This was the challenge set for a consortium that lacked crucial football expertise and experience, a problem exacerbated by the inability to appoint a sporting director or a chief executive before the window opened.
It was their first real test since the takeover went through in October last year and a daunting one that, had they failed, would have made the disaster of relegation ever more likely.
Nothing is ever easy in January. It is not the time of year to find a bargain in football and the best run clubs rarely do any major business in the middle of the season. It is a time of year for panic buys and overpriced players, but that is the market place Newcastle’s owners, supported by Howe and chief scout Steve Nickson, were forced to operate in.
They had to give Howe better players to work with; more options and more variety. Newcastle’s squad was too weak to avoid another relegation battle at the end of August but things had gone far worse than imagined, first under Steve Bruce and then under Howe, who has won just two of his 11 games in charge.
It has not been perfect. Then again it was never going to be in January, with a new board in control and a team embroiled in a relegation fight. Players and agents are inevitably wary of committing to a club that might be playing in the Championship next season if things do not go to plan.

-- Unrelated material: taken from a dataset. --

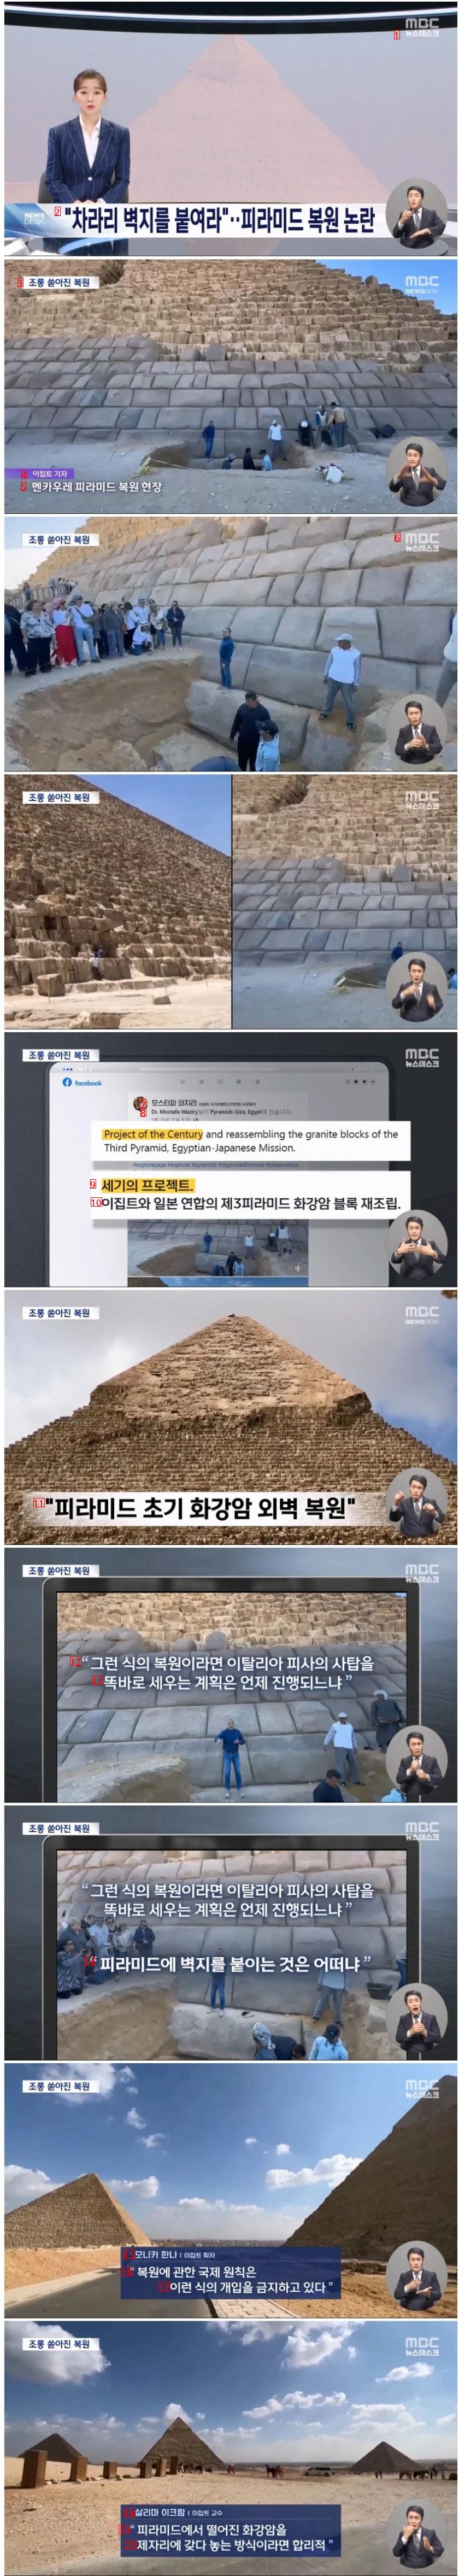 議論の的となっているピラミッドの復元状況

There were public pursuits of Lille’s Sven Botman and Seville’s Diego Carlos that consumed a lot of time and energy, but ended in failure. As did a lengthy and frustrating attempt to persuade Manchester United to allow Jesse Lingard to join them on loan.
The fact Manchester United felt they could demand a loan fee that would have totalled £16.5m if they had stayed in the Premier League evidence of the sort of attitude they encountered from selling clubs all too aware of the wealth of their Saudi owners.